The Run6 jobs, 100 at a time, were submitted twice per day, at 4:05 AM and 4:05 PM. This left plenty of time for one cycle to be completed before the next one was attempted. It also allowed the database to be updated on VUPAC starting at midnight and finishing before 3 AM, without interference to the PBS jobs.

For Run7, with the 17 hour minimum reconstruction cycle time, and longer database update times (~4.5 hours), it is not efficient to have a fixed cycle of job submission and database updating. Instead there will be an hourly attempt at job submission, and at data base updating. There will be provisions to insure that no new jobs are submitted before the old cycle is finished, and similarly to not try a database update while there are PBS jobs waiting in queue. The database update will be started, if needed, after two hours have elapsed since the final PBS job started running. The two hours insures that the PBS jobs will have completed their database accesses.

The database updating cron job also does not submit database update attempts between 6 PM and midnight. New database restore files arrive daily from RCF at 11 PM and are transferred to VUPAC at 11:35 PM. A database update attempt started after 6 PM could find its restore files overwritten after 11 PM. So the first attempt at a database update will be at midnight.

An important function of the cautoRun7 control script and its subscripts is to keep track of which runs have been processed, and which new runs need to be processed. This is done by the makefilelist.sh script described below.

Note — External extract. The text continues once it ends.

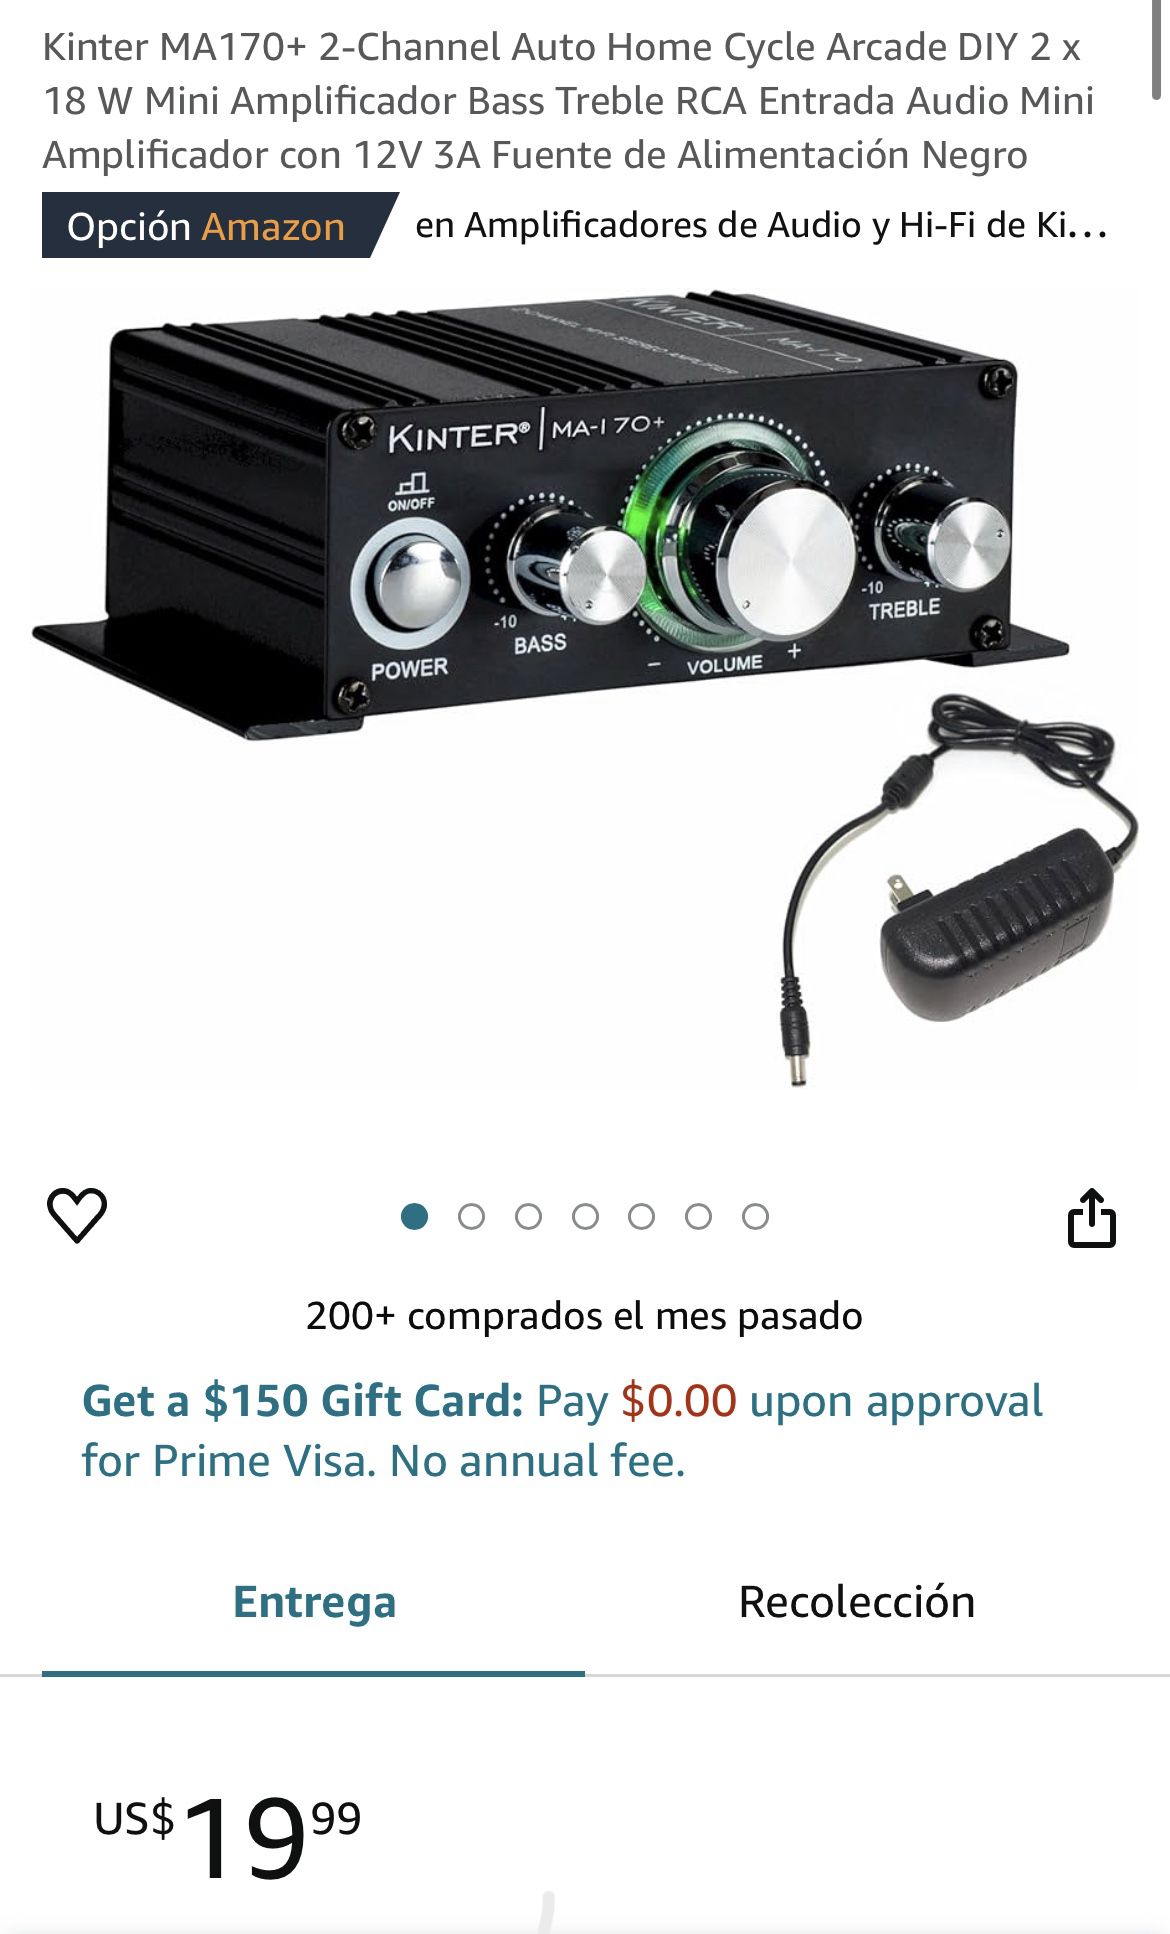 Kinter Mini Amplificador

Normal operational steps for the cautoRun7 production script

Check host
The script will run only on the vmps18 gateway node. If the script finds itself anywhere else, it will exit with a wrong node message. The script is triggered every half hour at 5 and 35 minutes after the hour by a cron job of the phnxreco account:

5,35 * * * * /gpfs3/RUN7PRDF/prod/run7/cautoRun7 >& /gpfs3/RUN7PRDF/prod/run7/cautoRun7.log

The script is presently located as a softlink /gpfs3/RUN7PRDF/prod/run7 subdirectory of the phnxreco account on ACCRE. The link is to the actual file which is in a CVS controlled area, /home/phnxreco/cvs/online/vanderbilt/run7AuAu. In fact all scripts which are executed either on the ACCRE or the VUPAC nodes are located in the home directory $CVSRUN7 area. The scripts on the firebird are also in CVS, but there is no CVS yet active on the firebird node.

The first thing that the cautoRun7 script does is to check for the presence of the file /gpfs3/RUN7PRDF/prod/run7/PRODUCTION_SUSPENDED. Such a file would be manually placed in this directory location. If such a file is found, then the cautoRun7 script will exit immediately. The presence of this script is the same as commenting out the command in the crontab file. This suspension file would be created manually if one wanted to stop the production for some reason.

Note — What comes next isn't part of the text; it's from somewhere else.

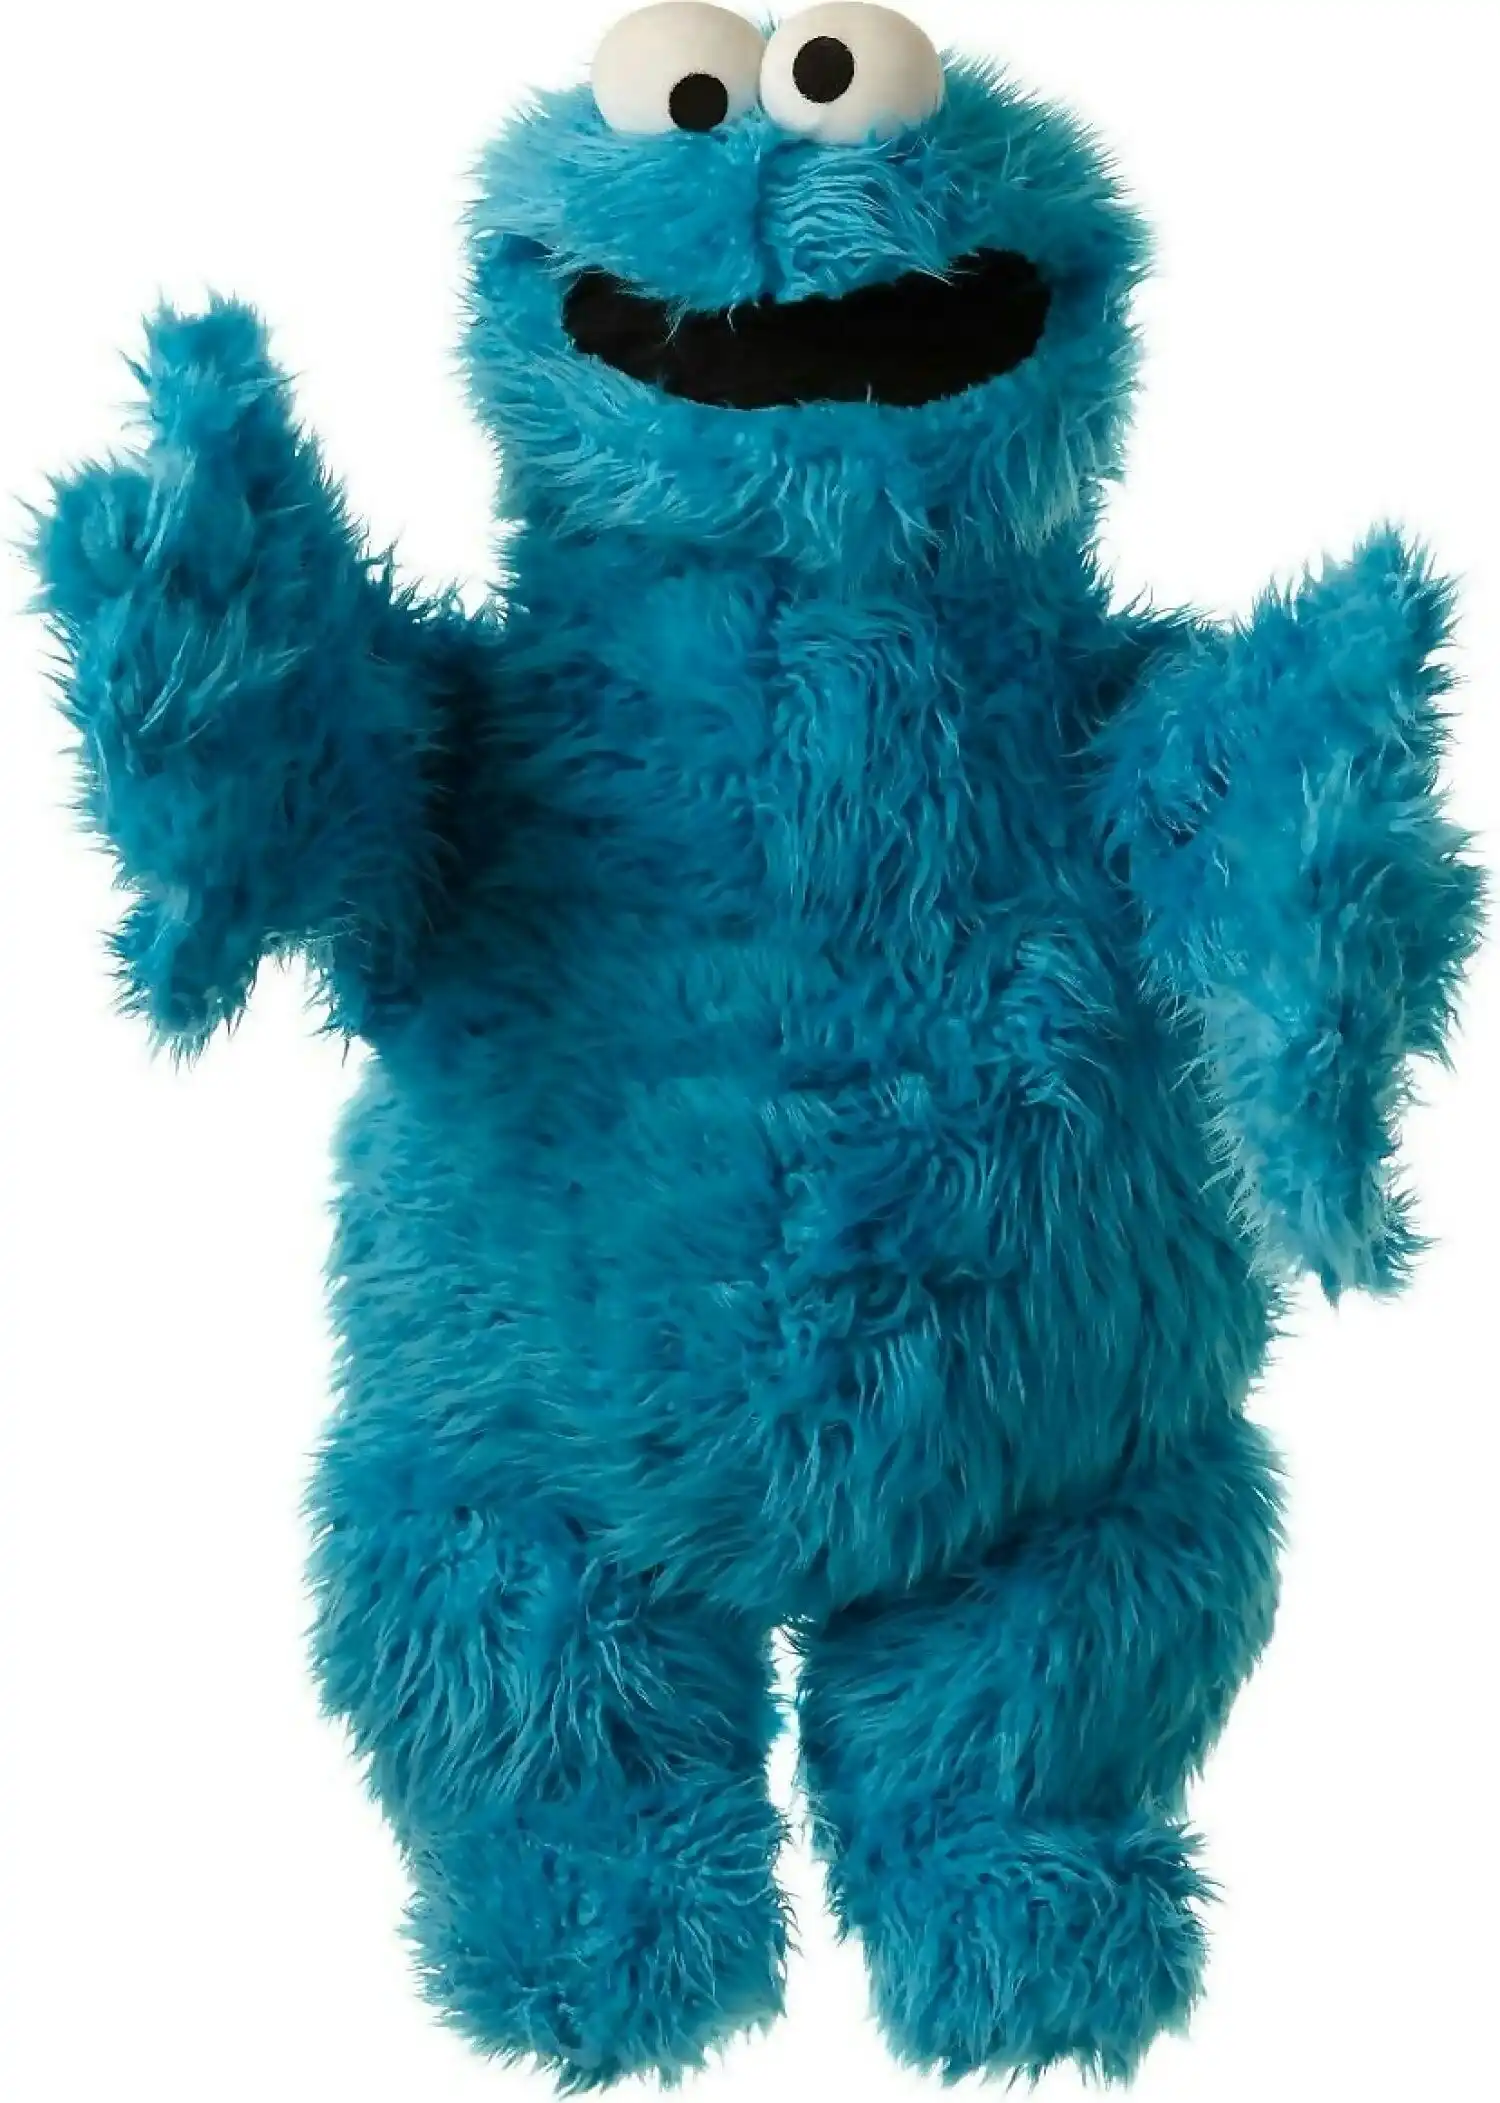 Sesame Street - Cookie Monster Hand Puppet 65cm Plush

The second thing that the cautoRun7 script does is to check for the presence of the file /gpfs3/RUN7PRDF/prod/run7/cautoRun7InProgress. This file is an example of an automatically generated InProgress signal file. Such signal files are crucially important and are generated and deleted automatically as required. In this case, the cautoRun7 script takes about 40 minutes to complete its work before new jobs start running. So we don't want another cautoRun7 script running 30 minutes after the first one starts.

The environment variable $PROD7 in the phnxreco account login points to the /gpfs3 subdirectory location. The $PROD7 area is the "top" directory for the Run7 production since large outputs are being generated and stored in some of its subdirectories.
Check for still active FDT or gridFTP transfers
The cautoRun7 script itself will trigger a copy of the previous cycle's output to the RCF area. This copy is first by an FDT transfer from ACCRE to firebird, and then a gridFTP transfer from firebird to RCF. A new production cycle should not take place until the previous production cycle has been completely copied. One can work around this manually, but one must be careful to see that no new files are being stored in the newstore area, while previous files in the newstore area are still present. A zero-length signal file, either fdtInProgress or gridFtpInProgress, will be present on the /home/phnxreco/nanoDstTransfering directory if there is an FDT or a gridFTP still in progress copying the previous production's output.
Check jobs still running in PBS
If there are any jobs still running in the phnxreco account from a previous job submission, the script will exit with a report of the number of jobs still running.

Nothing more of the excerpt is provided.